Wintertemperaturen am Kitzbüheler Hahnenkamm

Der Kitzbüheler Hahnenkamm ist der berühmte Hausberg der Gamsstadt. Die Messstation Ehrenbachhöhe befindet sich auf einer Seehöhe von 1.790 Meter. Anbei sehen Sie einen Chart, der die Entwicklung der mittleren Wintertemperaturen (jeweils von 01. Dezember bis 28. Februar) am Kitzbüheler Hahnenkamm zeigt. Die Daten stammen von der Zentralanstalt für Meteorologie und Geodynamik (ZAMG).

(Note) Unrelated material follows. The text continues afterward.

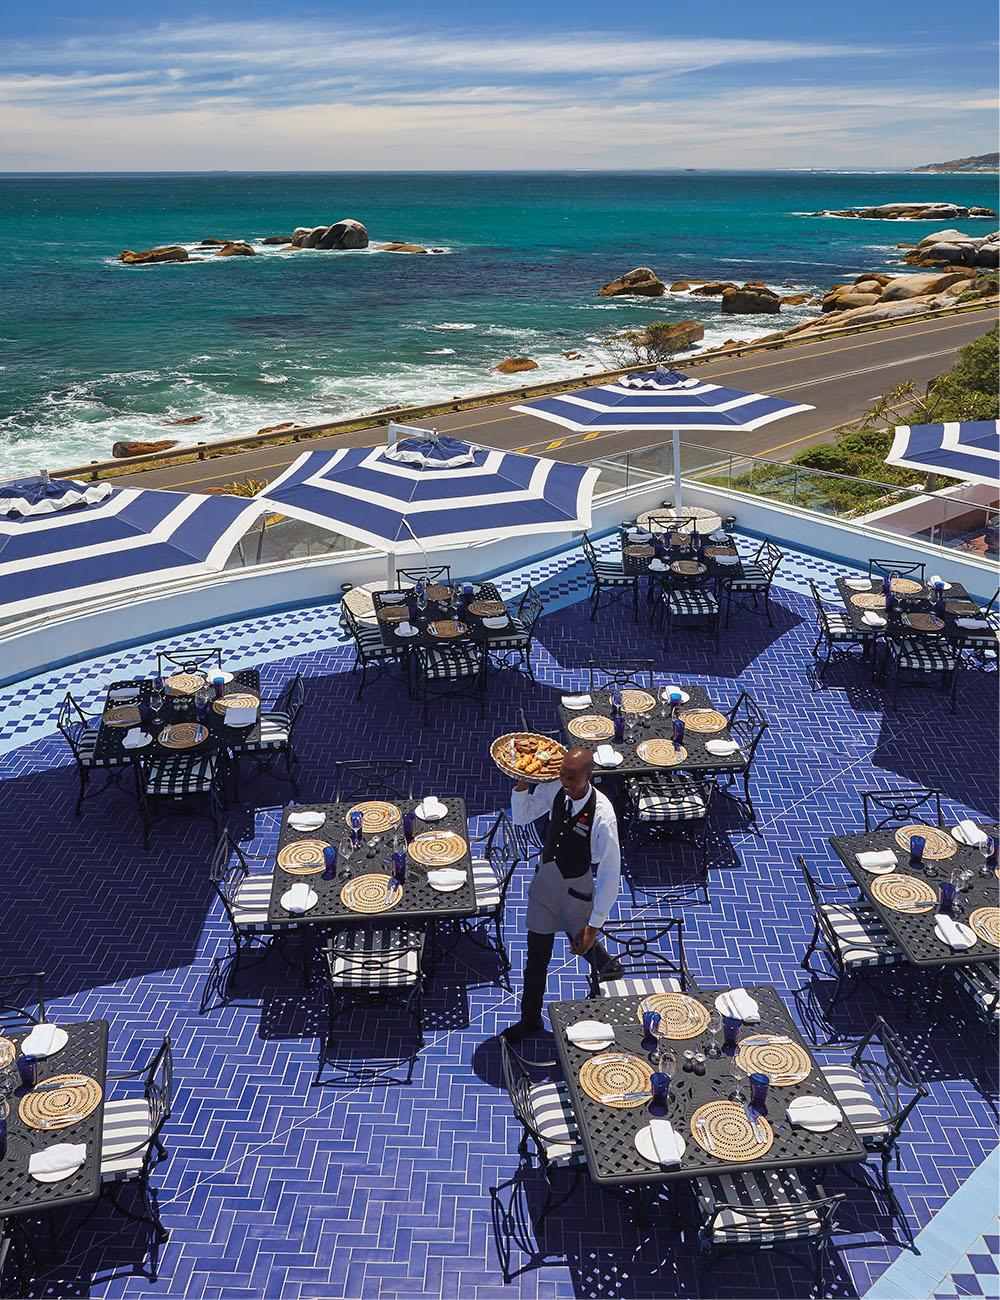 The terrace at Azure Restaurant

Seit 1993/94 ist der 10-jährige gleitende Durchschnitt (grüne Linie) der mittleren Wintertemperaturen von minus 2,7 auf minus 3,7 Grad gefallen, das heißt um 1,0 Grad Celsius. In der linearen Regression (rote Linie) verläuft die Regressionsgerade von minus 2,4 auf minus 4,0 Grad Celsius, das ist ein Absinken um 1,6 Grad Celsius. Siehe dazu die Abb. 1:

 

Abb. 1: Die Wintertemperaturen am Kitzbüheler Hahnenkamm (1.790 m) seit 1993/94. Daten: ZAMG.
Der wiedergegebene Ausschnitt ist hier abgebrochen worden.